__What is being asked__.
Look below for the line with "Image result for ferris bueller's day off"; begin the copy there and stop after the line with "neti pot on a table with a spoonful of salt.", keeping the text exact and the pictures out.

__Source material__.

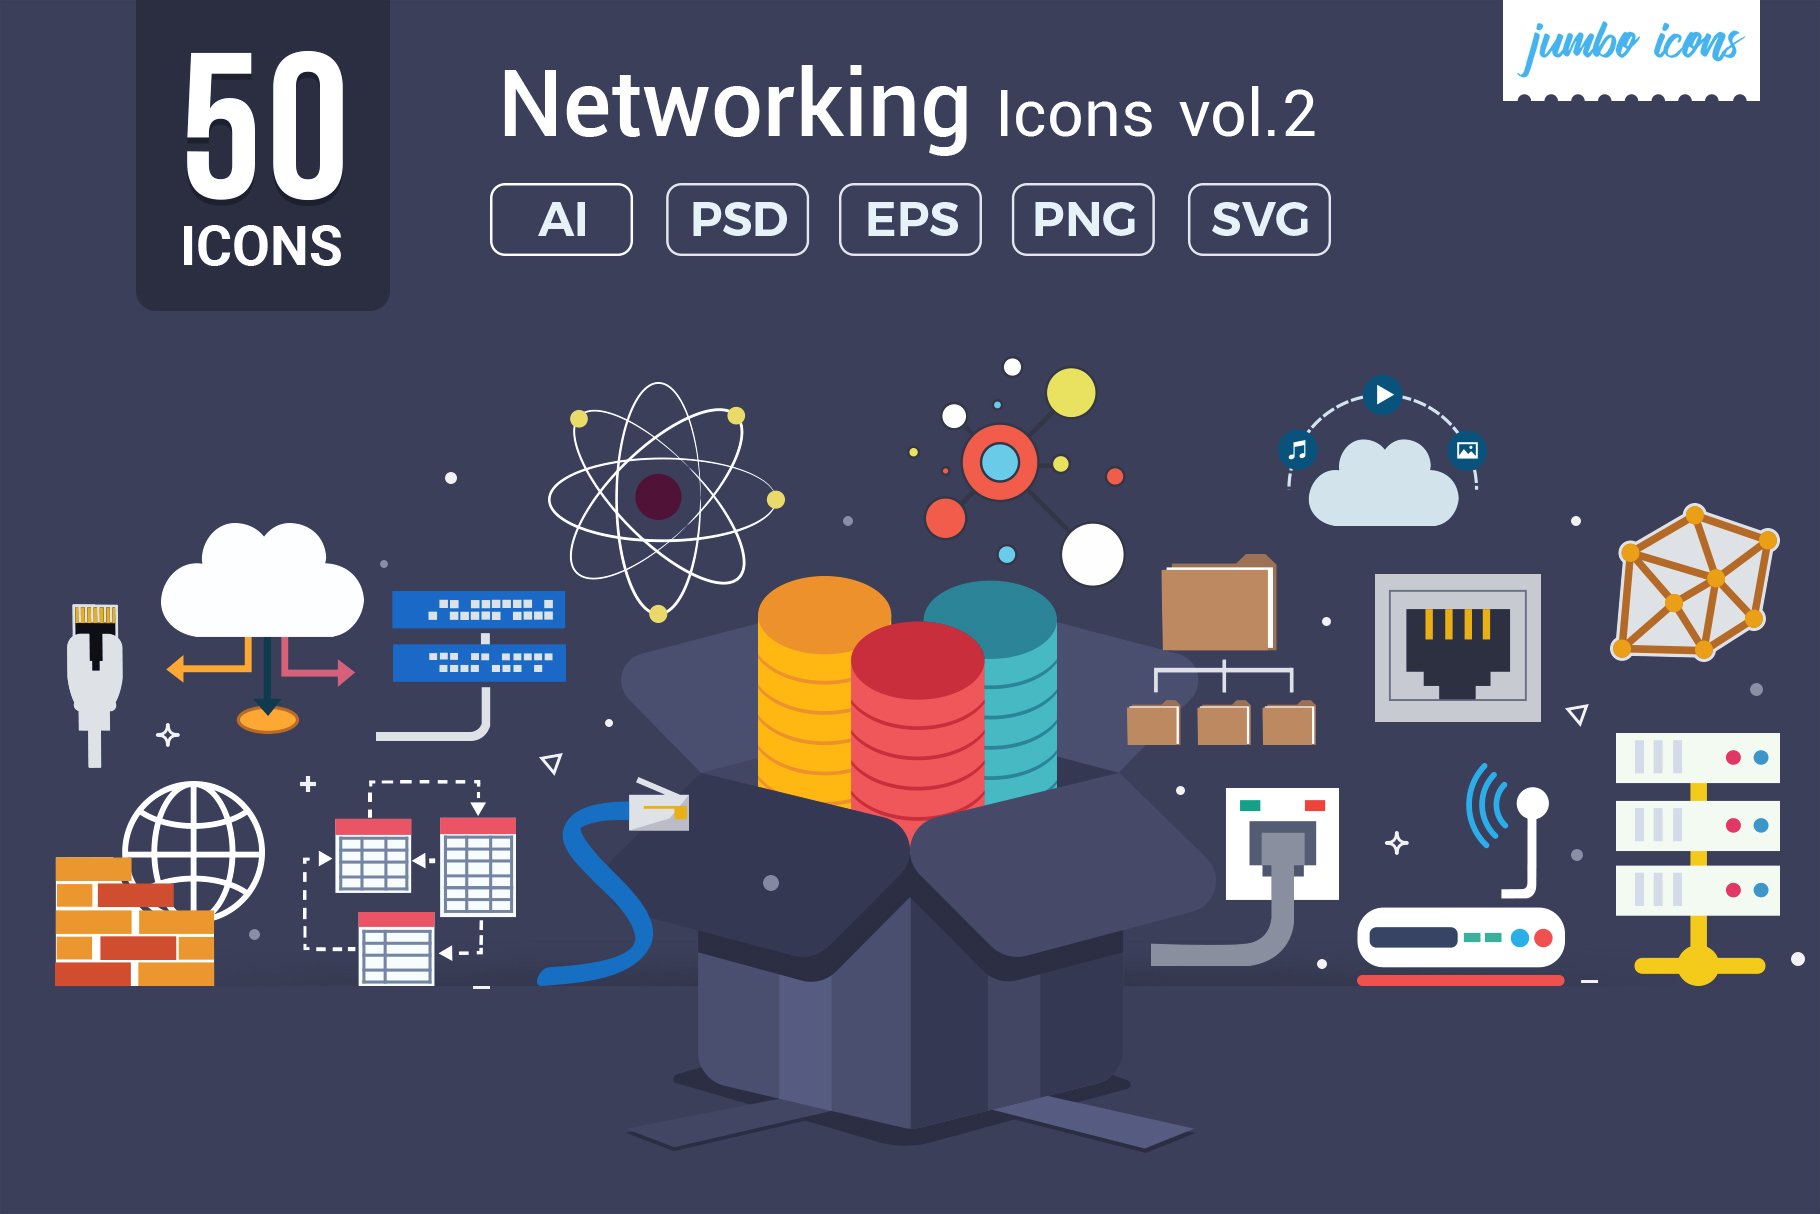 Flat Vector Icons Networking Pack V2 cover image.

--

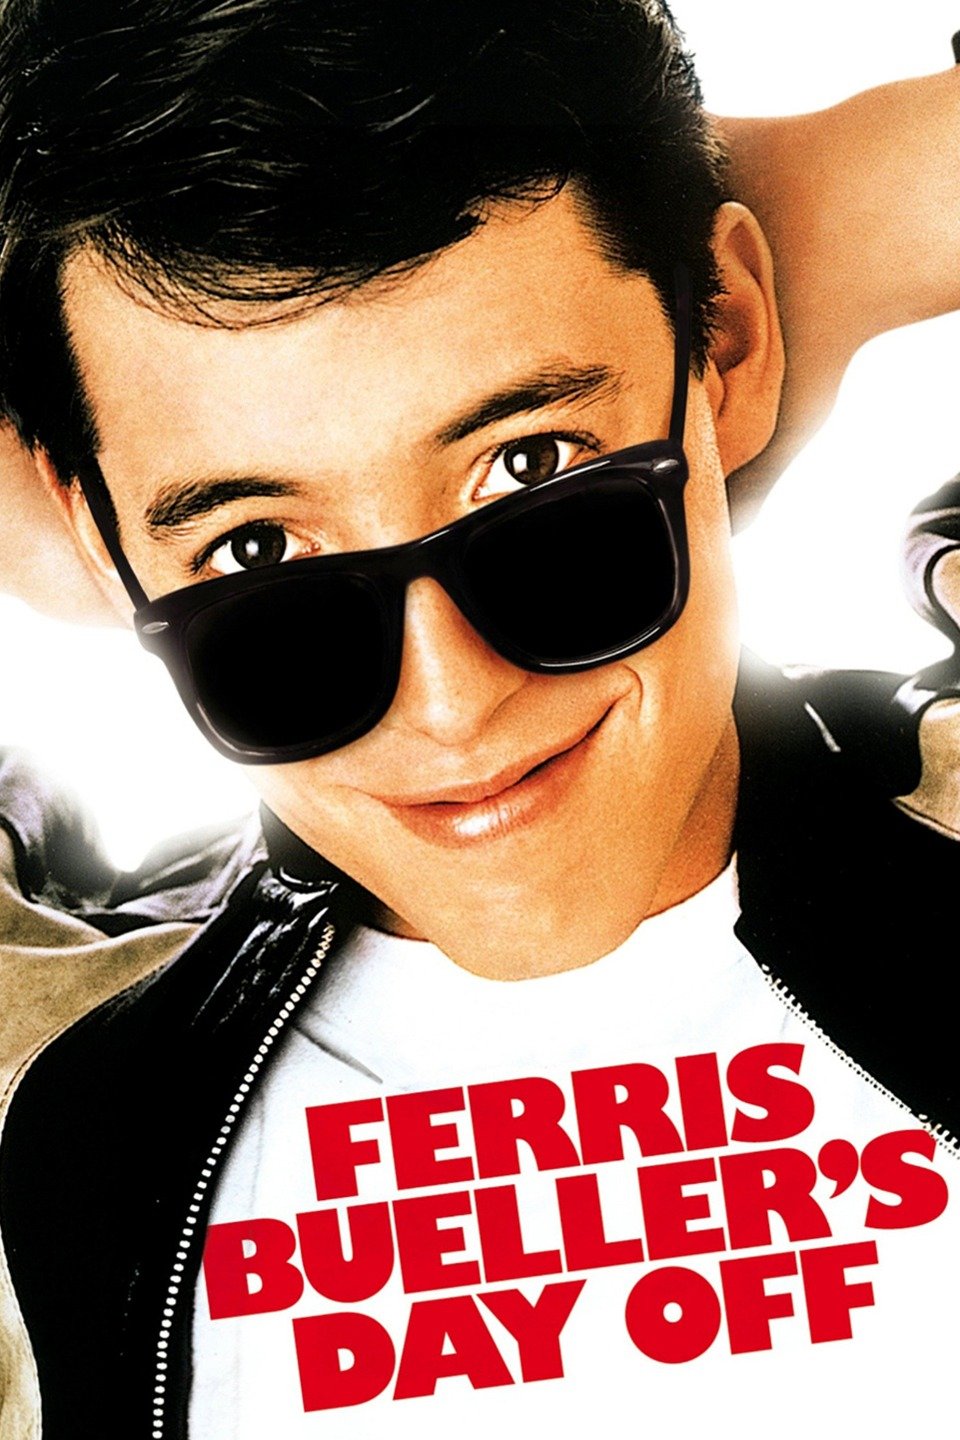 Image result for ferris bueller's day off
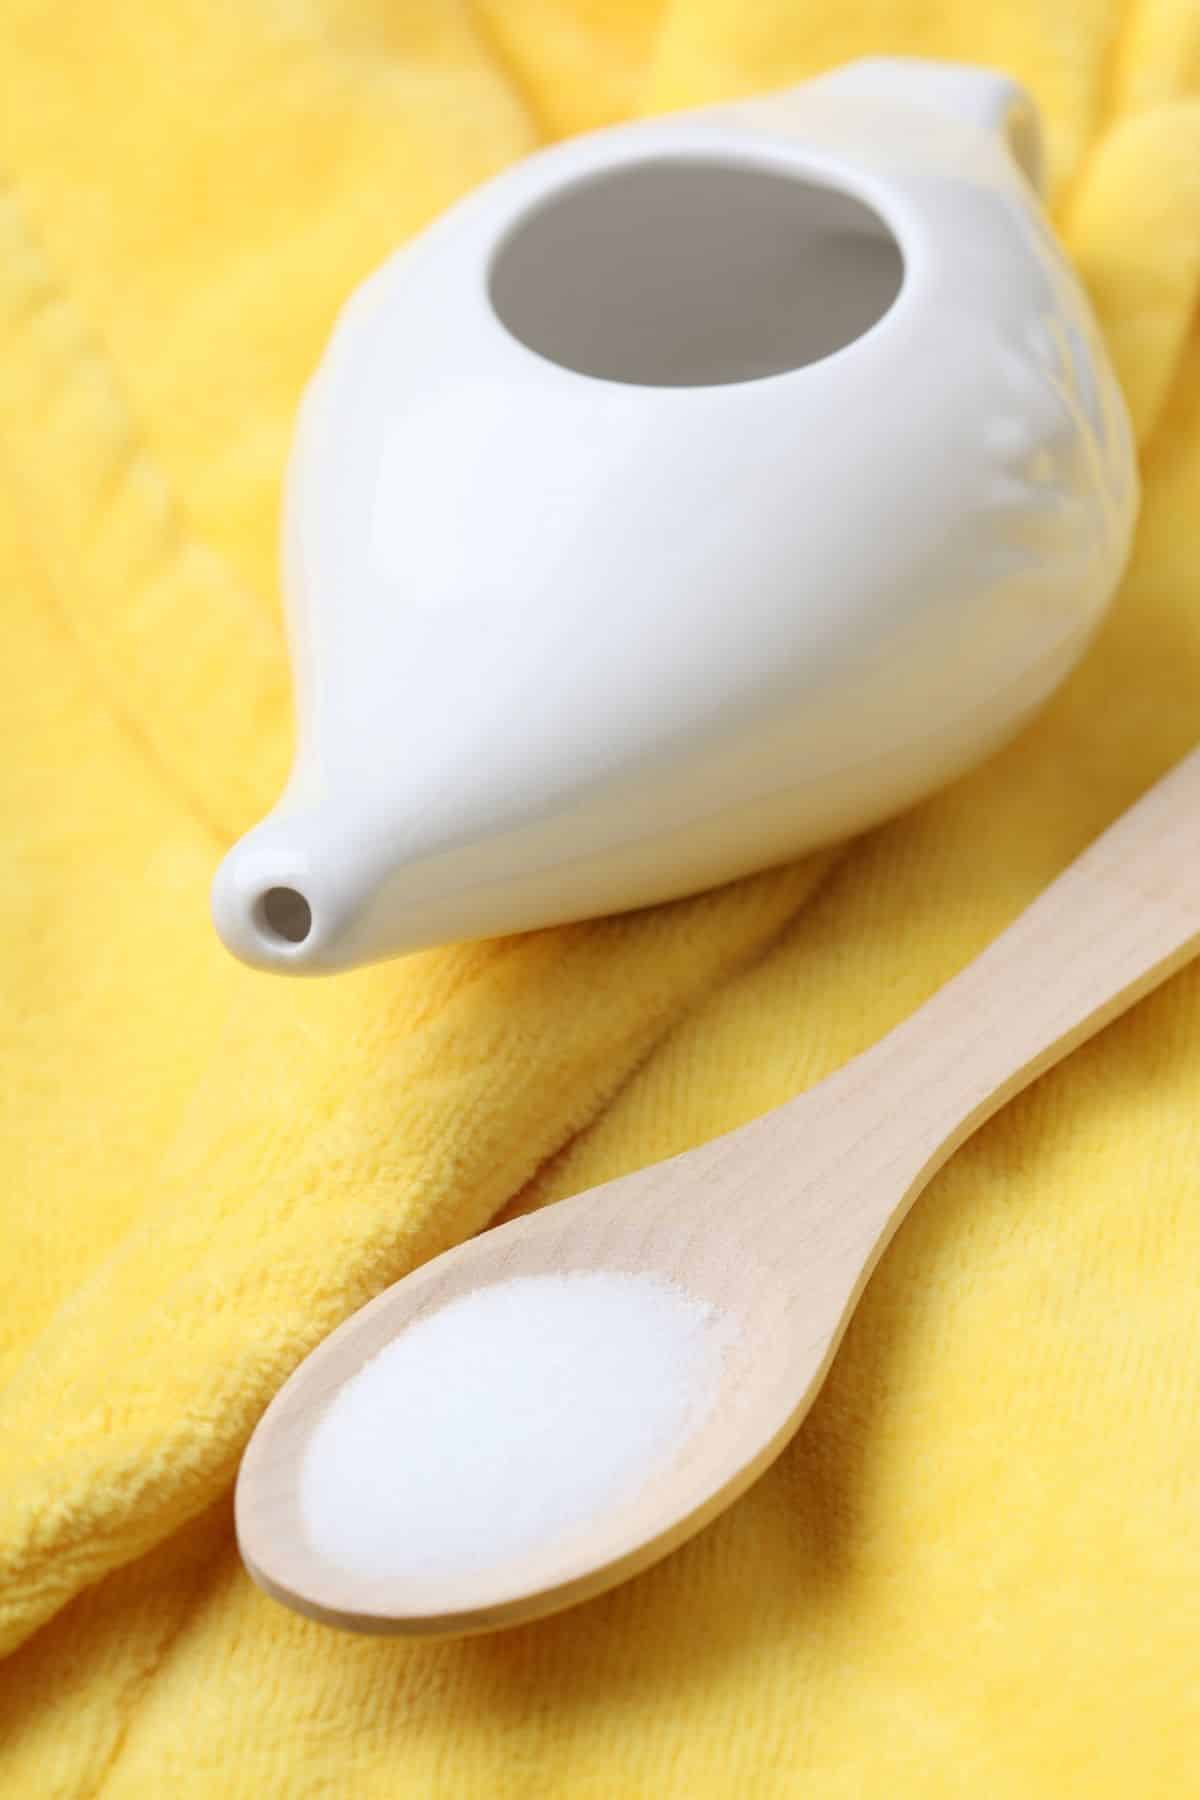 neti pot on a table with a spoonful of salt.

__Answer to this problem__.
 Image result for ferris bueller's day off
 neti pot on a table with a spoonful of salt.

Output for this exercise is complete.